Information supplied Block Start

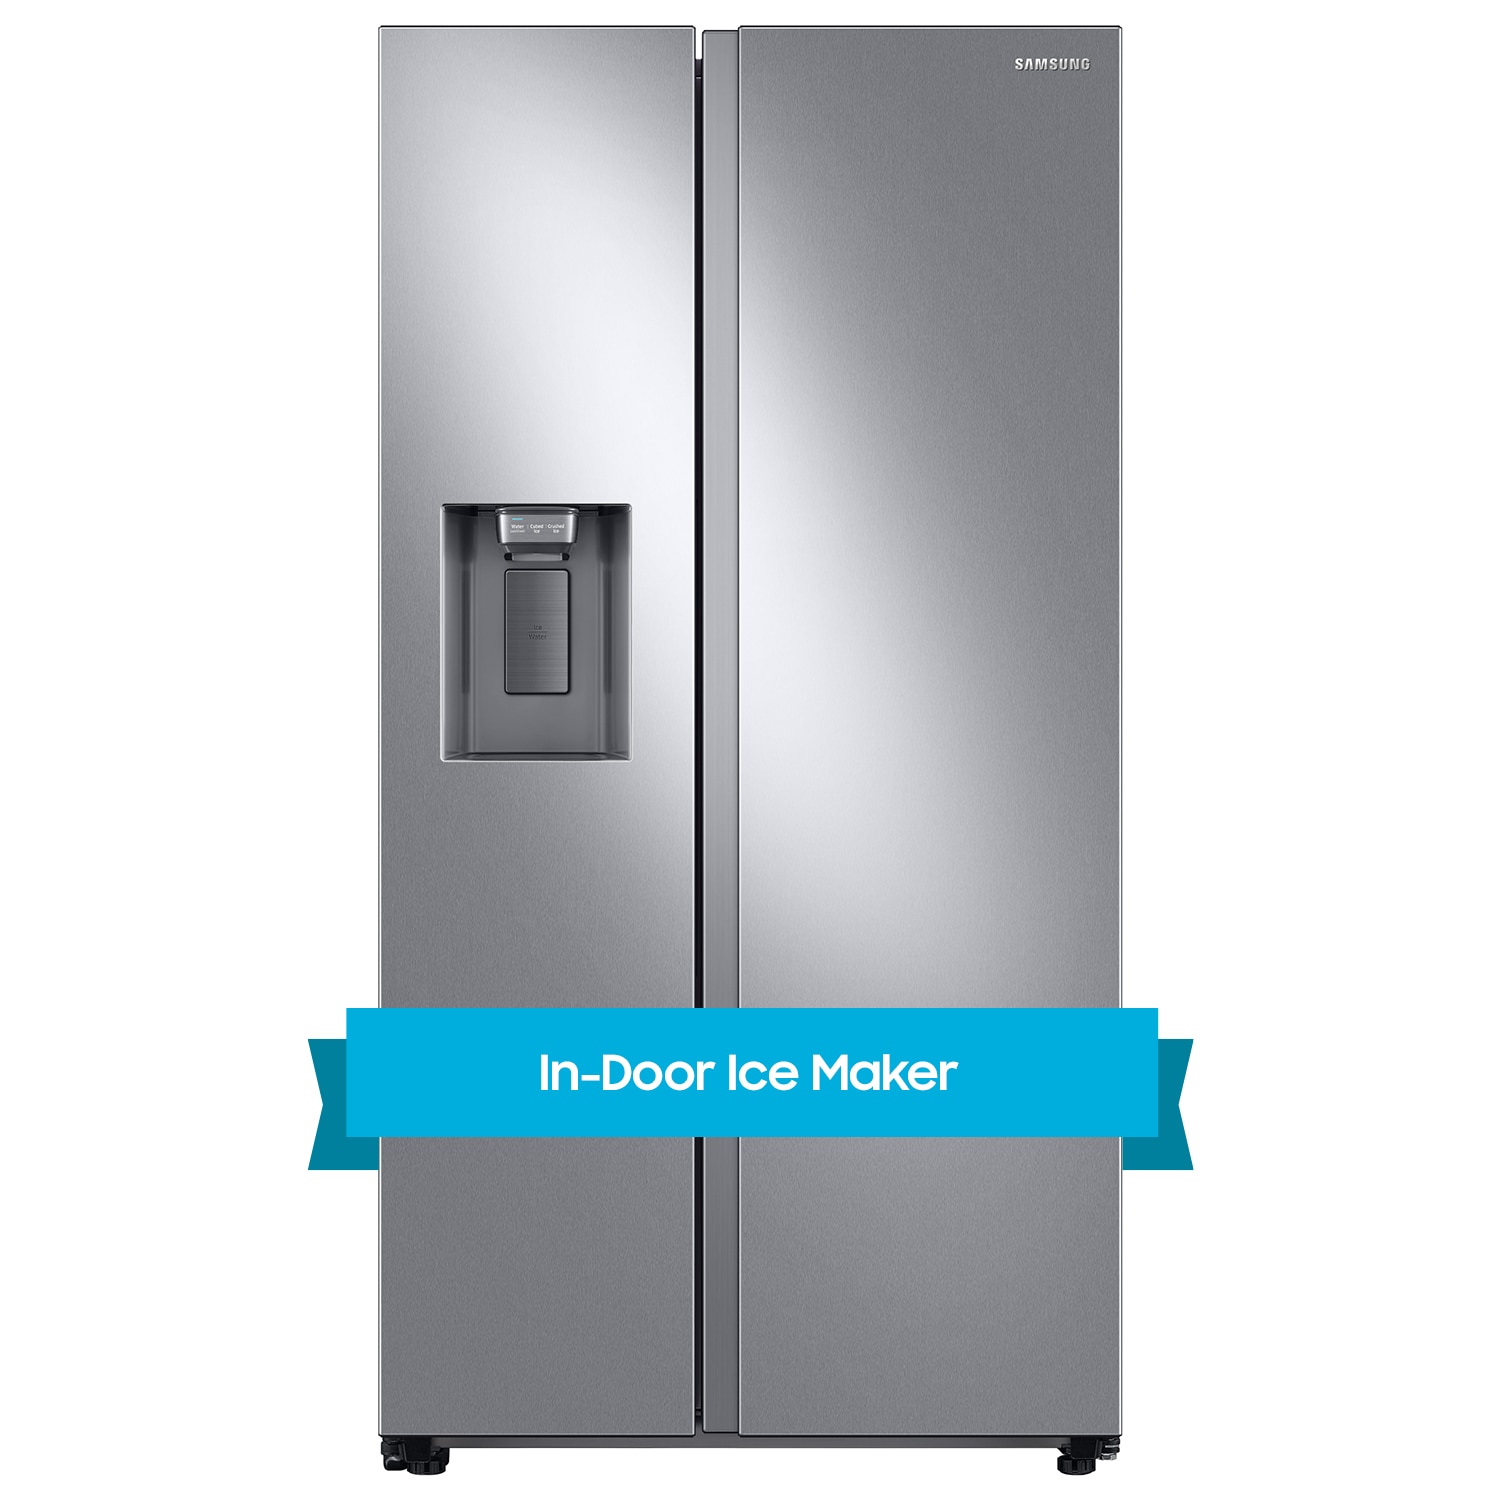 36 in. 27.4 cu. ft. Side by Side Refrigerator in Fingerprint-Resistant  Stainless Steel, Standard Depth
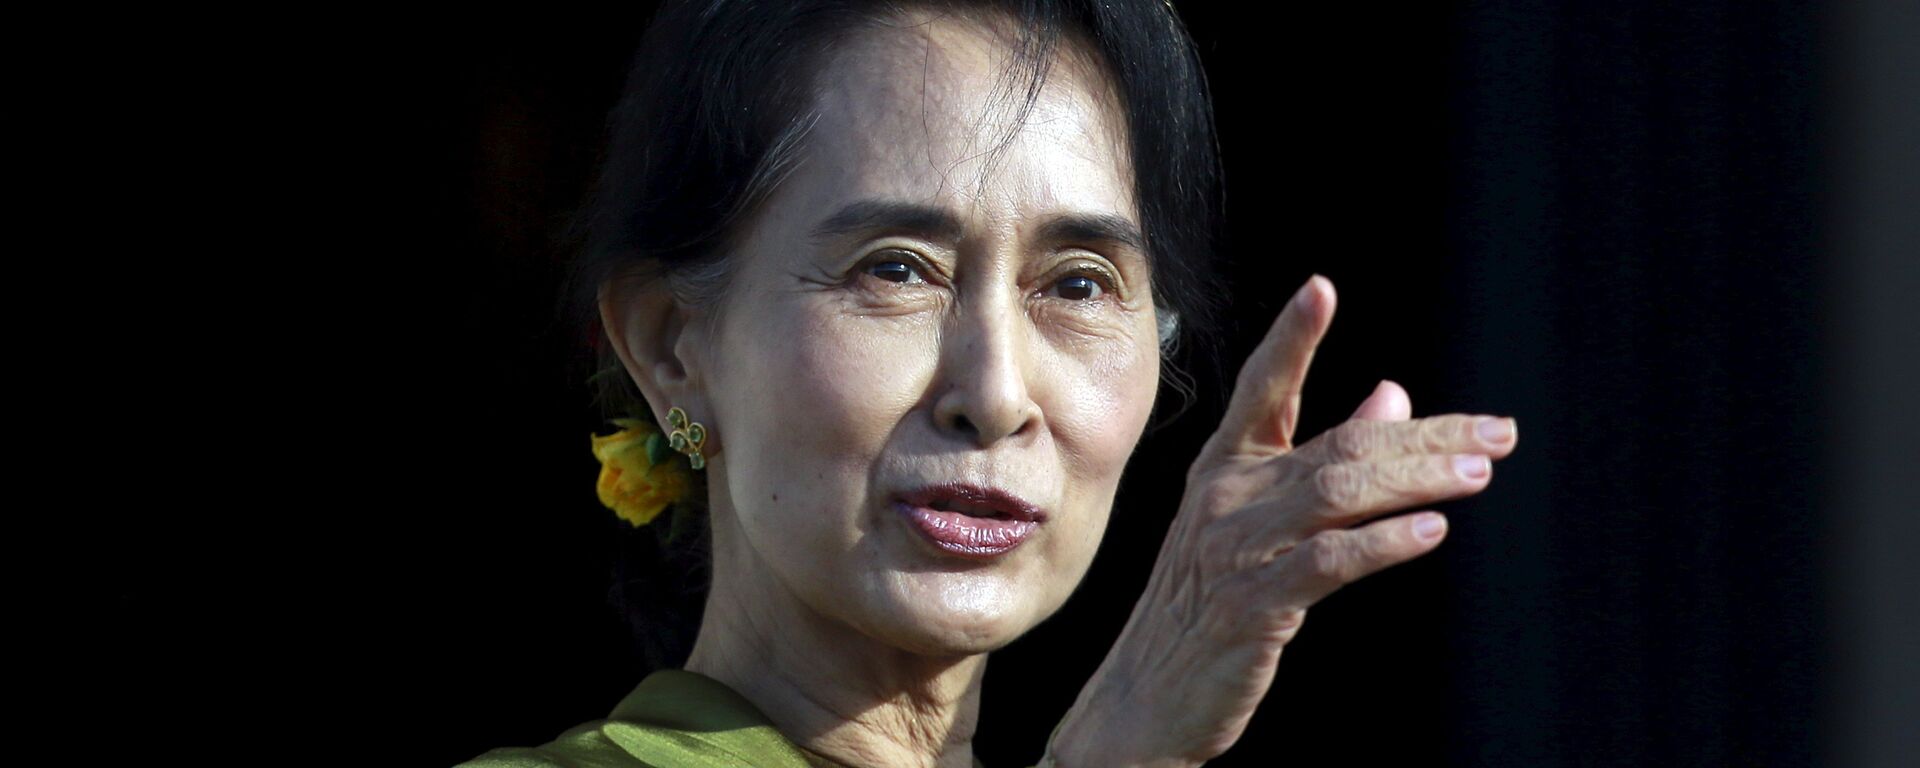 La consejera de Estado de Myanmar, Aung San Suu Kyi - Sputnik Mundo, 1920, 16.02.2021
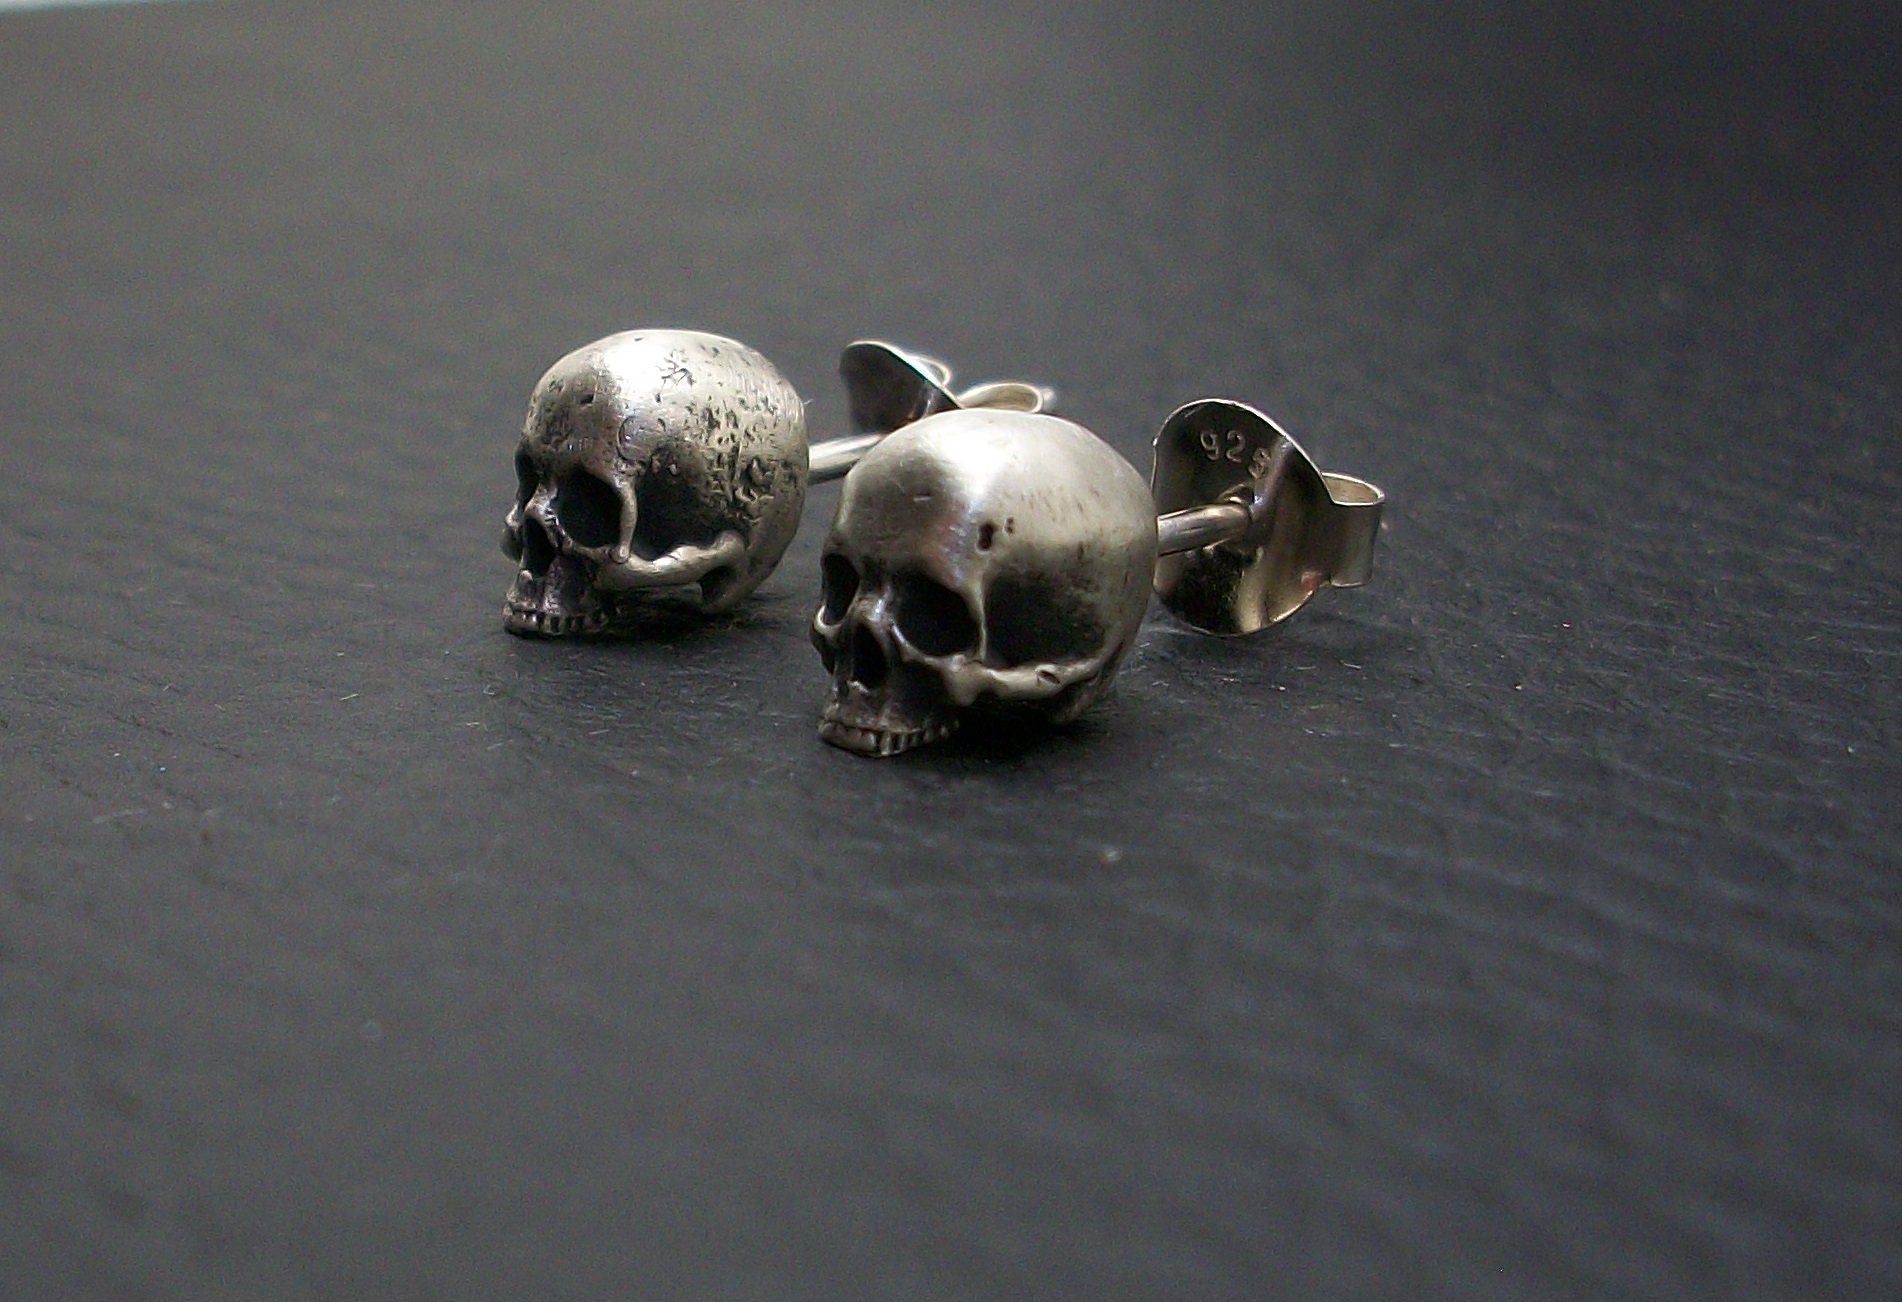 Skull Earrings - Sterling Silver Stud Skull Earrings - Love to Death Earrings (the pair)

Information supplied Block End

Would you give the data above again word for word, skipping any images?

 36 in. 27.4 cu. ft. Side by Side Refrigerator in Fingerprint-Resistant  Stainless Steel, Standard Depth
 La consejera de Estado de Myanmar, Aung San Suu Kyi - Sputnik Mundo, 1920, 16.02.2021
 Skull Earrings - Sterling Silver Stud Skull Earrings - Love to Death Earrings (the pair)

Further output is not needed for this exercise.